Le Tribunal administratif de Versailles a rejeté la requête en référé suspension de M. B... visant à contester l'invalidation de son permis de conduire par le ministre de l'intérieur. Le juge a constaté que la requête était irrecevable car le requérant n'avait pas présenté de requête distincte en annulation, comme l'exige l'article R. 522-1 du code de justice administrative. De plus, M. B... n'a pas justifié de l'urgence nécessaire à l'obtention d'une mesure de suspension. La requête a donc été rejetée sur le fondement de l'article L. 522-3 du même code.
Texte intégral
Vu la procédure suivante :
Par une requête enregistrée le 15 octobre 2025, M. A... B... doit être regardé comme demandant au juge des référés, sur le fondement des dispositions de l’article L. 521-1 du code de justice administrative :
1°) d’ordonner la suspension de l’exécution de la décision par laquelle le ministre de l'intérieur a invalidé son permis de conduire ;
2°) d’enjoindre au ministre de l'intérieur de régulariser l’état de son permis sur le site monpermis.fr ;
Vu les autres pièces du dossier ;
Vu :
- le code de justice administrative.
La présidente du tribunal a désigné M. Maitre pour statuer sur les demandes de référé.
Considérant ce qui suit :
Sur les conclusions aux fins de suspension :
Aux termes du premier alinéa de l'article L. 521-1 du code de justice administrative : « Quand une décision administrative, même de rejet, fait l'objet d'une requête en annulation ou en réformation, le juge des référés, saisi d'une demande en ce sens, peut ordonner la suspension de l'exécution de cette décision, ou de certains de ses effets, lorsque l'urgence le justifie et qu'il est fait état d'un moyen propre à créer, en l'état de l'instruction, un doute sérieux quant à la légalité de la décision. ». En vertu de l’article L. 522-3 du même code, le juge des référés peut, par une ordonnance motivée, rejeter une requête sans instruction ni audience lorsque la condition d’urgence n’est pas remplie ou lorsqu’il apparaît manifeste, au vu de la demande, que celle-ci ne relève pas de la compétence de la juridiction administrative, qu’elle est irrecevable ou qu’elle est mal fondée.
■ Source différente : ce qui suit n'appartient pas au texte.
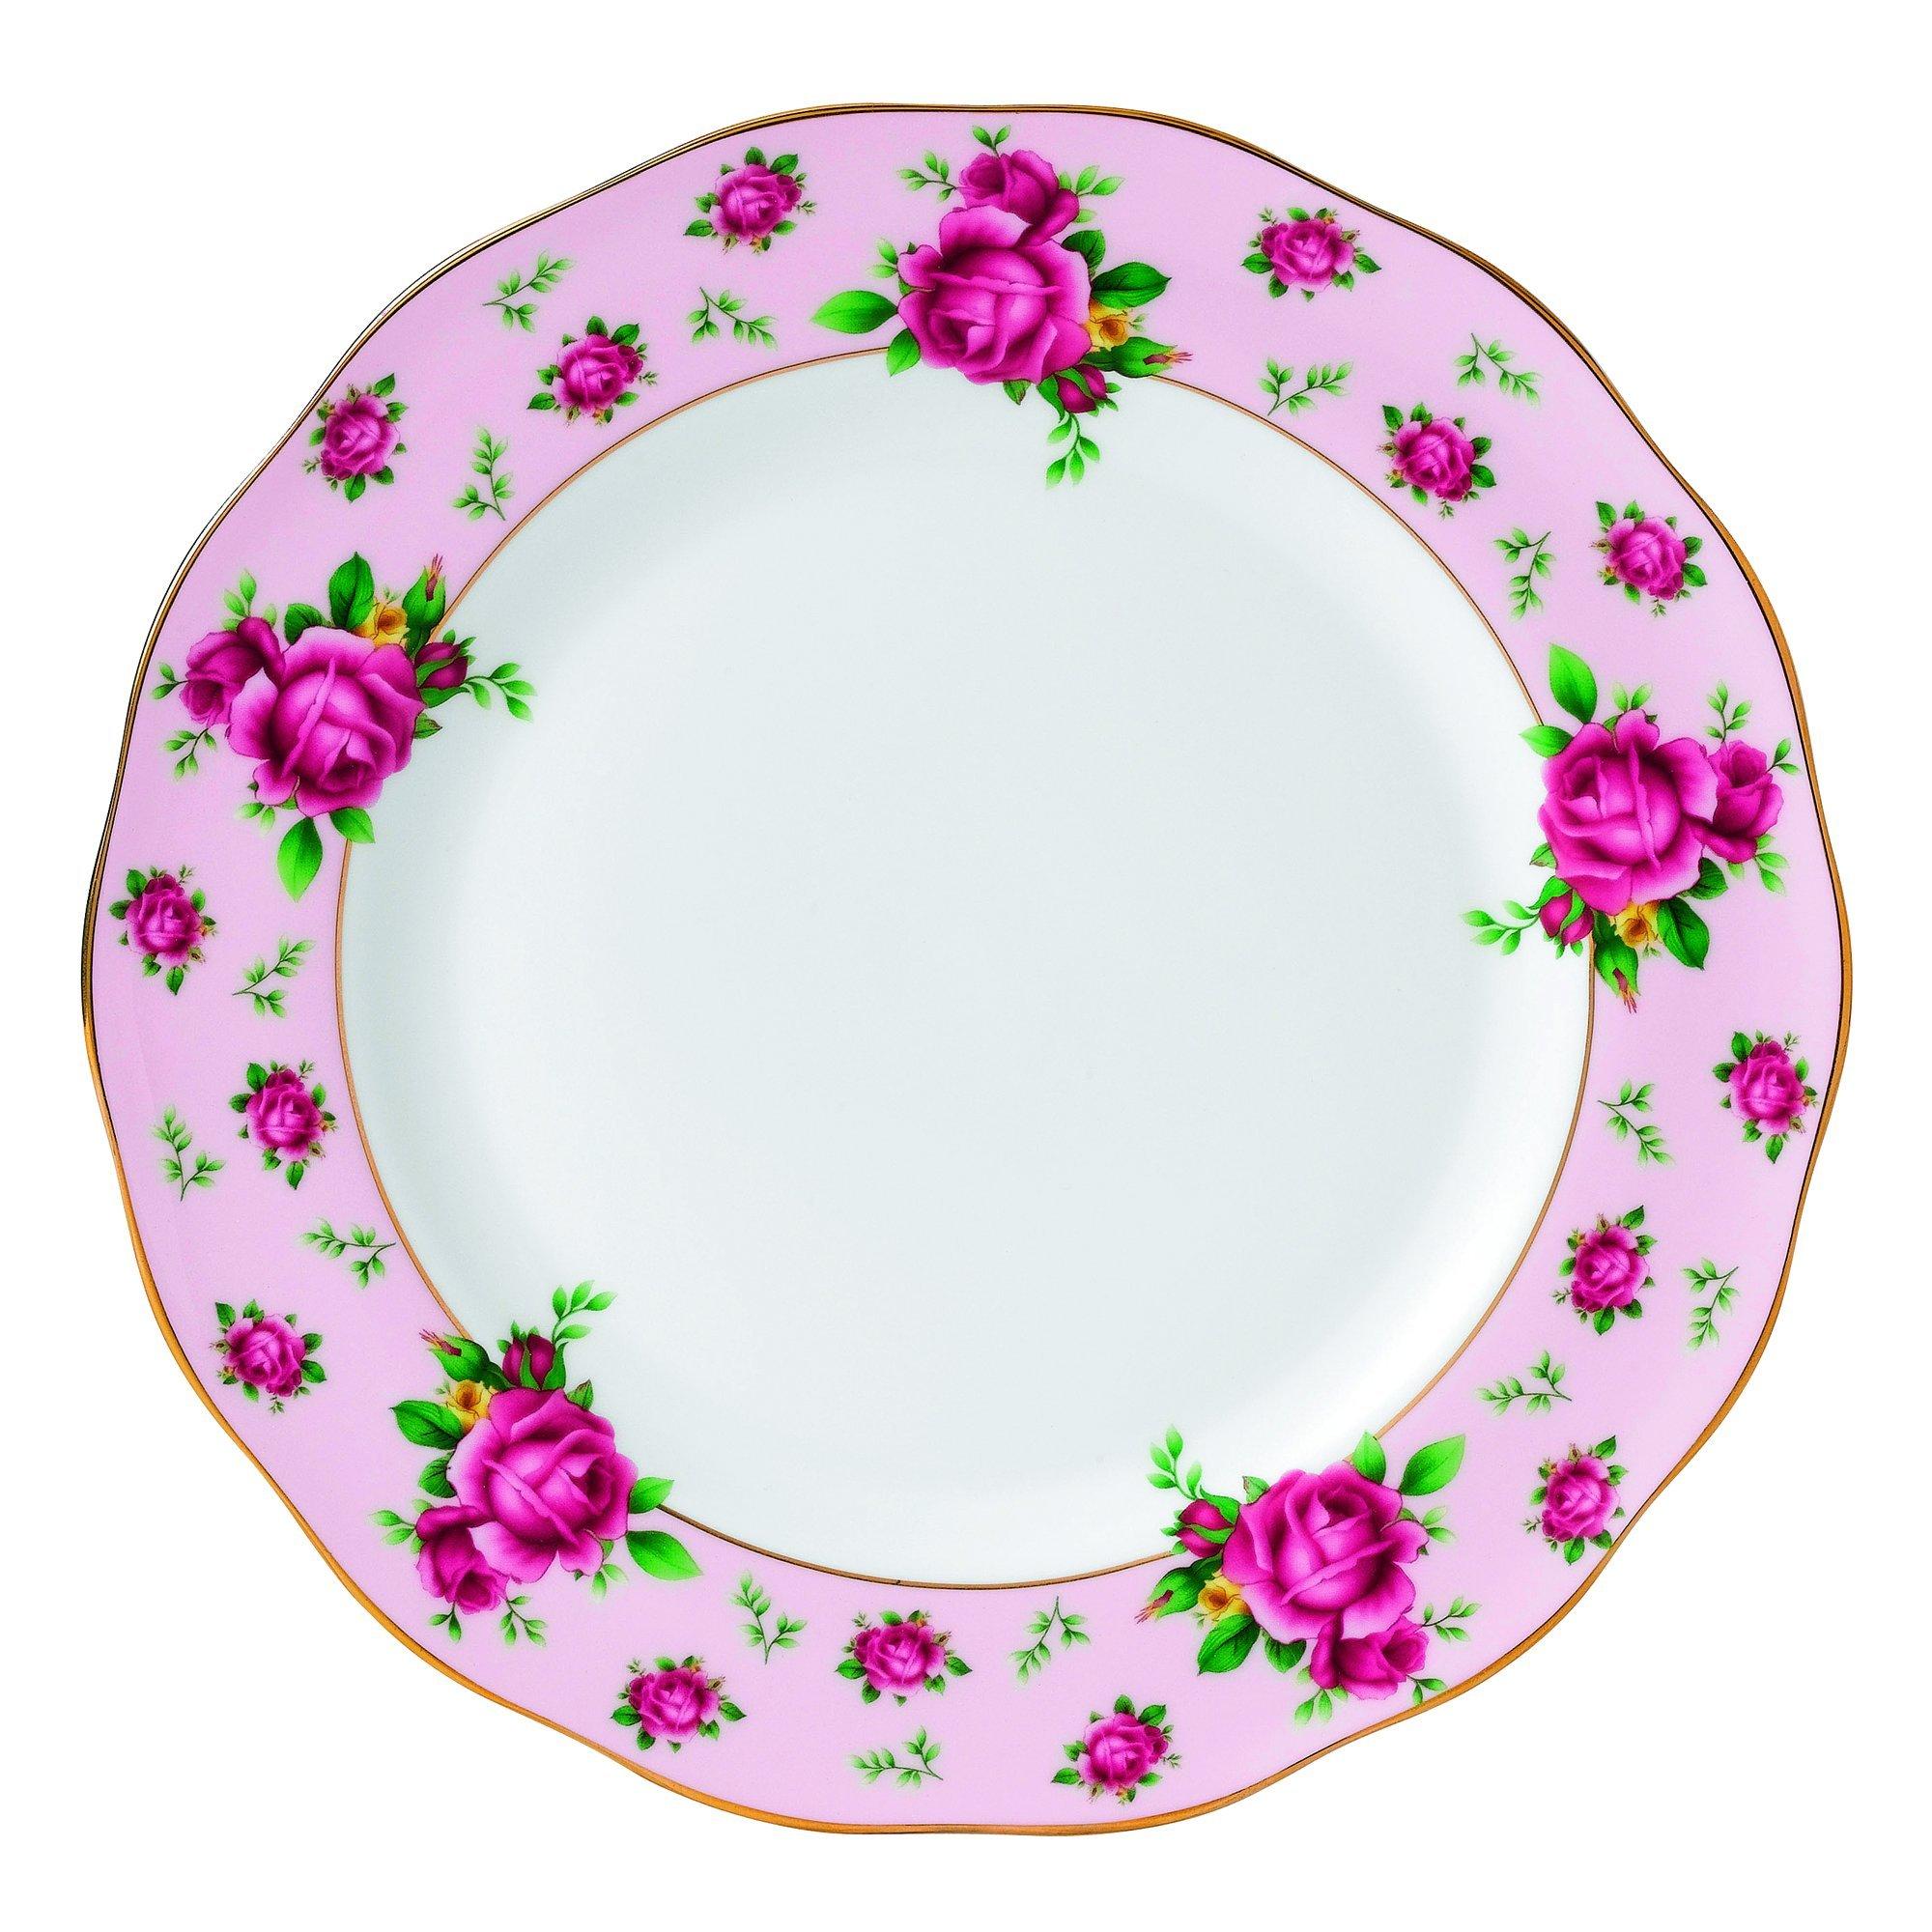 Royal Albert New Country Roses Vintage Formal Dinner Plate, White/Pink

Aux termes de l’article R. 522-1 du code de justice administrative : « La requête visant au prononcé de mesures d'urgence doit contenir l'exposé au moins sommaire des faits et moyens et justifier de l'urgence de l'affaire. A peine d'irrecevabilité, les conclusions tendant à la suspension d'une décision administrative ou de certains de ses effets doivent être présentées par requête distincte de la requête à fin d'annulation ou de réformation et accompagnées d'une copie de cette dernière. »
D’une part, en méconnaissance de ces dispositions, M. B... n’a pas formé de requête distincte tendant à l’annulation de la décision dont il demande la suspension dans la présente requête en référé. Par suite, cette requête est manifestement irrecevable.
D’autre part, M. B... ne justifie par aucune pièce de l’existence d’une situation d’urgence.
Par suite, la requête ne peut qu’être rejetée en toutes ses conclusions selon la procédure prévue à l’article L. 522-3 du code de justice administrative.
O R D O N N E :
Article 1er : La requête de M. B... est rejetée.
Article 2 : La présente ordonnance sera notifiée à M. A... B....
Fait à Versailles, le 28 octobre 2025.
Le juge des référés,
B. Maitre
La République mande et ordonne au ministre de l’intérieur en ce qui le concerne ou à tous commissaires de justice à ce requis en ce qui concerne les voies de droit commun, contre les parties privées, de pourvoir à l'exécution de la présente décision.